Some instructions to get you started here:
<http://mail.google.com/support/bin/answer.py?answer=10966>

------
dgallagher
When you visit a webpage to consume some content, such as a written article, a
picture, or a video, that should be the main focal-point of whatever you're
doing, and nothing else should be allowed to interrupt or delay you from
consuming it. This includes pop-up/hover dialog boxes, advertisements which
waist your time, webpages animating their skeleton while you're trying to read
now-moving text, grouped-content unnecessarily split across multiple pages,
etc...

All of these things annoy users, and introduce inefficiency to the entire
internet race. How many trillions of seconds are lost every year because of
this? Do you think in 2050 people will put up with 30 second commercials
before watching a 1 minute Hulu clip?

Obviously a lot of these things exist to fund websites, and getting rid of
them would destroy business models. There needs to be a way to de-annoy the
internet, and compensate content providers for lost revenue.

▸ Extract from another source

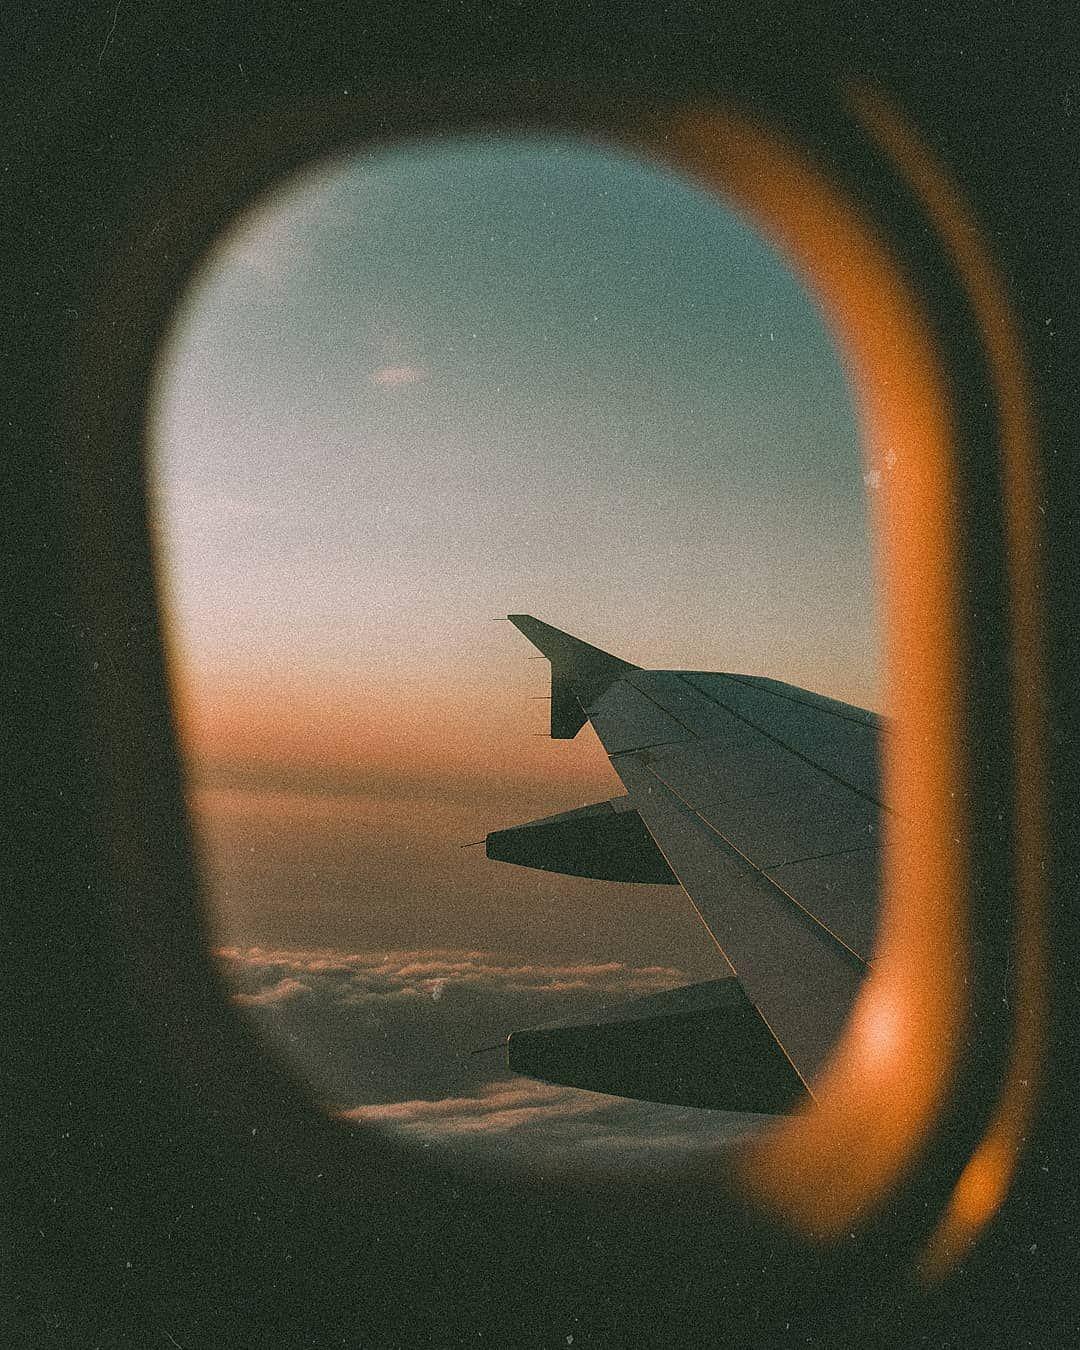 Sky Aesthetic Instagram Adventure Travel Traveling Vintage Airplane Tumblr Aesthetic Tumblr Sky Aesthetic Sky Adventure Rainbow Photography

The number of solutions are plenty, but finding the best one will be tricky.
It would have to be adopted by most of the internet to succeed, after-all.

One idea might be to bill at the ISP-level. Each client pays ~$100/mo (made up
number), where $50 of that goes to the ISP, and the other $50 goes into a
bucket. Pending on what websites you visit online, and for how long, they earn
a certain percentage of that bucket and get paid at the end of the month.
Users who only want to pay $50/mo get the annoying internet.

How would you do it?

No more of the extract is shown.